Grieving romance built on deception.

Grieving intimacy that was never safe.

Grieving the version of yourself who believed it all.

 

And then facing who you are now.

 

More fragile.

Emotionally dysregulated on days like this.

A mother who sometimes fails because she is overwhelmed.

A woman who used to cope with everything — and now cannot.

 

It is heavy.

 

And it is not a story people want to hear.

 

I don’t even want to talk about it.

 

But writing it feels honest.

 

Because surely I am not the only one functioning on the outside and collapsing on the inside.

 

We are told to accept.

To move on.

To find peace.

To be happy again.

 

And I still have hope that I will.

 

But right now, the grief feels endless.

 

For the first time in a long time, I have actually allowed myself to cry.

 

And here is the strangest part.

 

The trigger?

 

A Bridgerton binge.

 

Those beautifully produced, intoxicating, romantic storylines — the longing, the yearning, the obsessive devotion, the being chosen above all others — they touched something in me that clearly is not healed.

 

It wasn’t just aesthetic admiration.

 

It was longing.

 

A longing to be chased.

To be desired.

To be chosen above everyone else.

To be loved so fiercely that someone would risk everything for you.

 

Avoidance would say: don’t watch it. Don’t trigger yourself.

 

But perhaps the ache reveals what is still alive.

 

And then a deeper realisation began its descent — from my head to my heart.

 

Sex within marriage — that depth of physical, emotional, spiritual intimacy — was never meant to terminate on itself.

 

It was a signpost.

 

The closeness.

The vulnerability.

The covenant.

The nakedness without shame.

 

It was designed to reflect something infinitely deeper: God’s intimacy and covenant love for us.

 

That realisation does not erase the yearning.

 

I still long to be loved by a man in that way.

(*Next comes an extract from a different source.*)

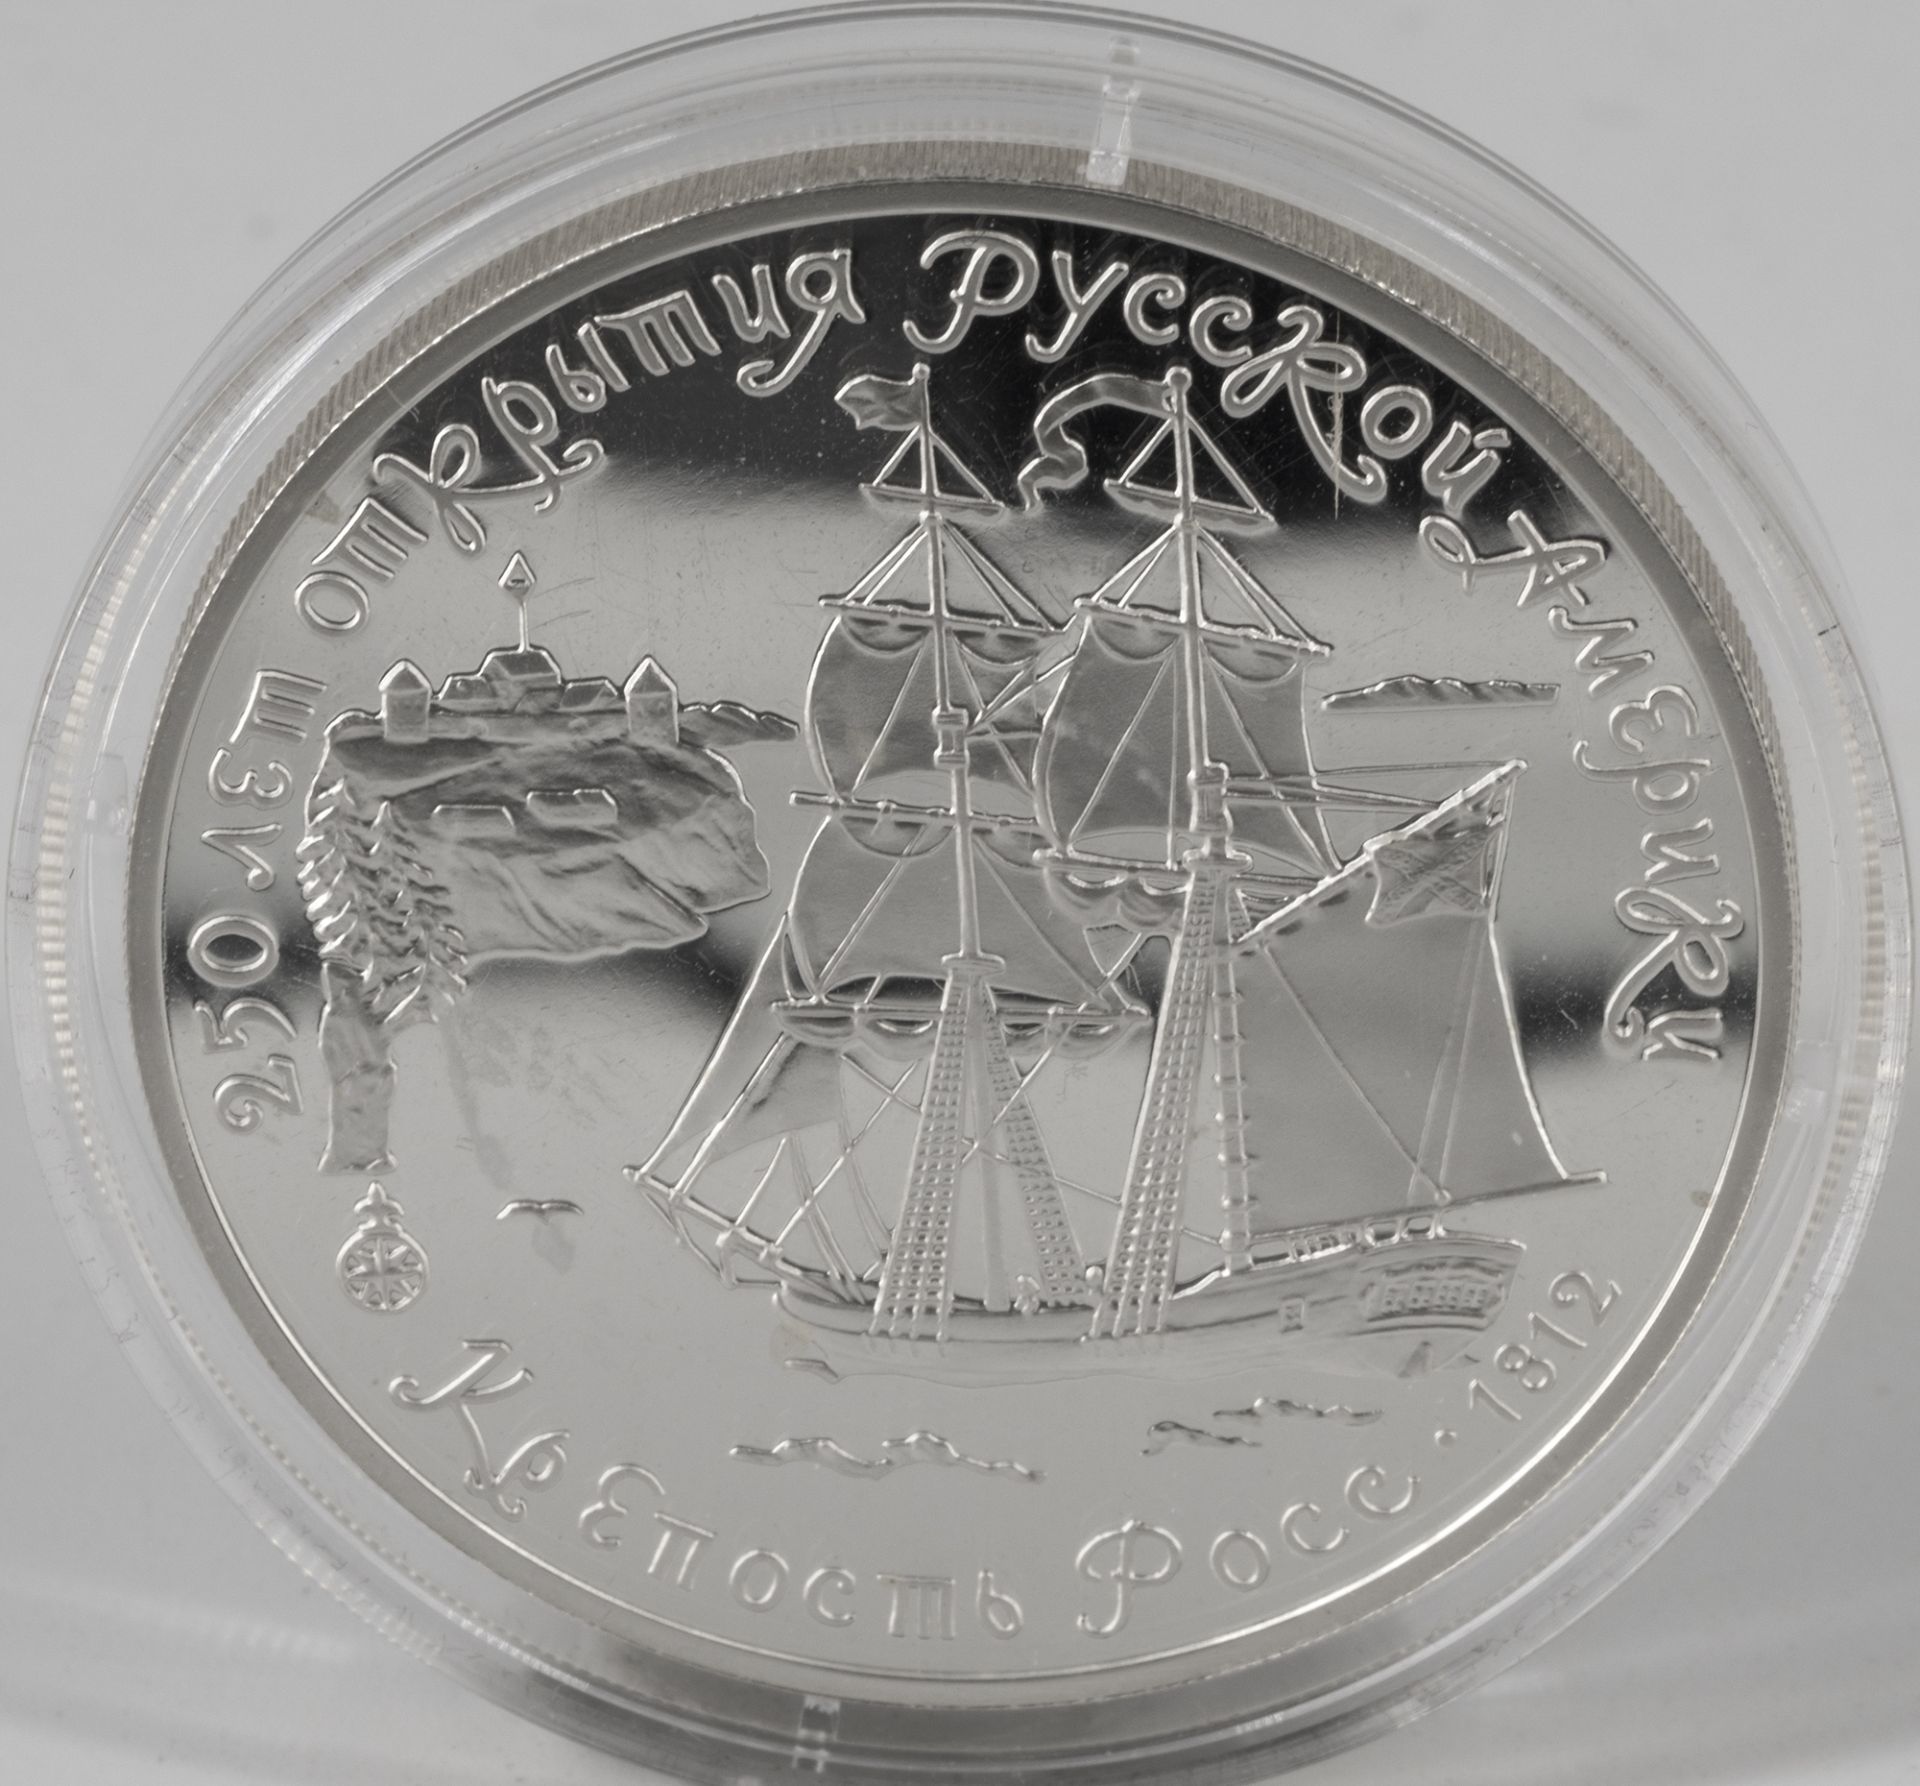 Russland 1991, 3 Rubel - Silbermünze, "Fort Ross", Silber 900, Gewicht: 31,1 g. Erhaltung: PP.

To experience that physical bond and emotional safety with another human being — even in its flawed, earthly form.

 

But I am beginning to see that the truest version of pursuit has already happened.

 

When Jesus came to earth two thousand years ago, that was the chase.

 

When He allowed Himself to be beaten, humiliated, tortured, nailed to a cross — that was yearning.

 

That was love refusing to let go.

 

Even when I do not feel pursued by God, the cross stands as evidence that I was.

 

If we dare to consider the brutality of what He endured — not sanitised, not softened — that is what being chased looks like.

 

Not flowers.

Not orchestras.

Not a ballroom declaration.

 

A cross.

 

Romantic dramas end at the wedding ceremony. The music swells. The couple commit. Fade to black. Happily ever after.

 

But in a fallen world, marriage is not immunity from suffering. We project salvation onto it. We expect it to heal something only God can.

 

And so I found myself asking the uncomfortable question:

 

Why, Jesus, are You not enough right now?

 

Why am I escaping into fiction to soothe this ache?

Why does cinematic romance feel easier to grasp than eternal promises?

 

The truth is not that Jesus has stopped pursuing me.

 

It is that the waiting is torturous.

 

Scripture tells us there will be a wedding feast.

That the Bridegroom will meet His bride.

That there is a marriage ceremony yet to come — one not vulnerable to betrayal, deception, or decay.

 

Some days it feels too far-fetched.

 

Too distant.

 

Fantasy feels immediate. Tangible. Emotional.

 

Even though we know it is fiction, it can feel easier to believe in that version of love than in promises written two thousand years ago.

 

But the cross is not fiction.

 

The pursuit is not fiction.

 

And so my final cry, as I pack my bag for another weekend of night shifts, is simple:

 

God, help me.

 

Help me believe what You have promised.

Make Your presence tangible in the ordinary and the exhausting.

Heal this broken heart that still aches for earthly romance.

Give me hope — not only that I may love again in this life —

but that my gaze would lift higher.

 

I go to work sleep-deprived.

Emotionally thin.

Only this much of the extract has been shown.